Various special stains, immunohistochemistry and electron microscopy can be used to confirm diagnosis. With special stains, the outer epithelial cells are PAS positive and susceptible to diastase digestion; the hyaline basement membrane is positive with PAS and PA methanamine silver whereas the material in the ductal lamina is positive for mucicarmine and alcian blue. Immunohistochemical markers for the outer clear myoepithelial cells are S100, smooth muscle myosin, - actin and the ductal cells show positivity for keratin and amylase.
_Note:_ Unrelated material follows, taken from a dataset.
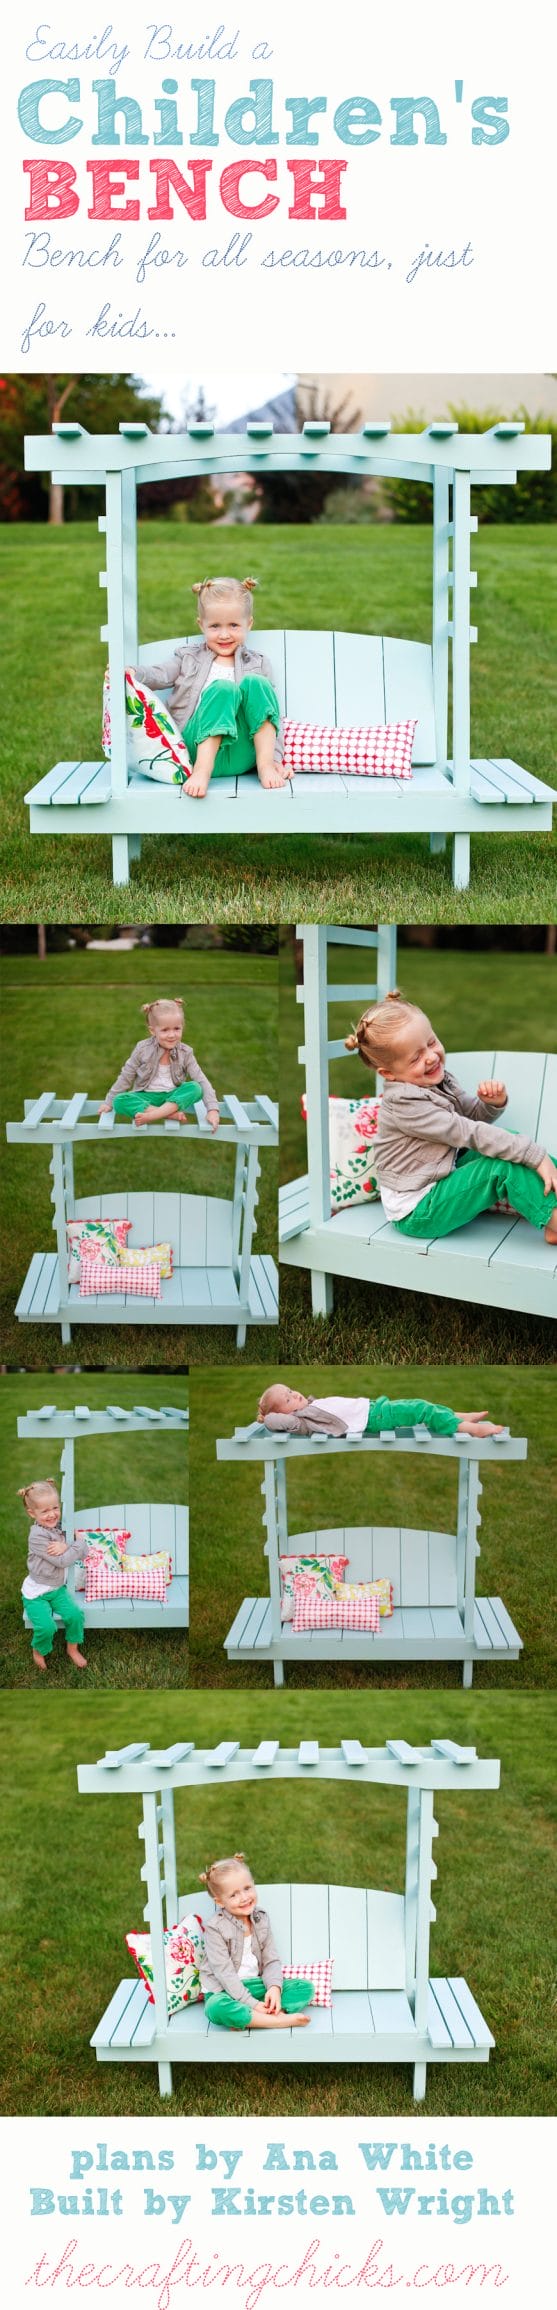 DIY Children's Arbor Bench | A fun project that will provide hours of fun in your backyard this summer!

Electron microscopy confirms the dual cell population. Ductal cells adjacent to the lumen contain intracytoplasmic tonofilament bundles, well-formed desmosomes and atypical microvilli along the luminal border. Varying numbers of mitochondria, golgi apparatus, and rough endoplasmic reticlum are also seen. Outer myoepithelial cells, which lie within the external lamina, contain abundant glycogen and peripheral array of fine filaments with electron dense areas atypical for cells with smooth muscle differentiation. Basal lamina at stromal epithelial interface displays elaborate replication pattern [1] .

Foci of monomorphic biphasic structures composed of ductal and outer myoepithelial clear cells are usually encountered in pleomorphic adenoma, basal cell adenoma and adenoid cystic carcinoma. Clear cell change in the neoplastic myoepithelial cells in pleomorphic adenoma simulates the biphasic pattern of EMC [7] . EMC and pleomorphic adenoma intersect in terms of morphology and phenotypic expression since both express epithelial and myoepithelial differentiation. Therefore it is not surprising to encounter cases of EMC in pleomorphic adenoma, though the incidence is very rare.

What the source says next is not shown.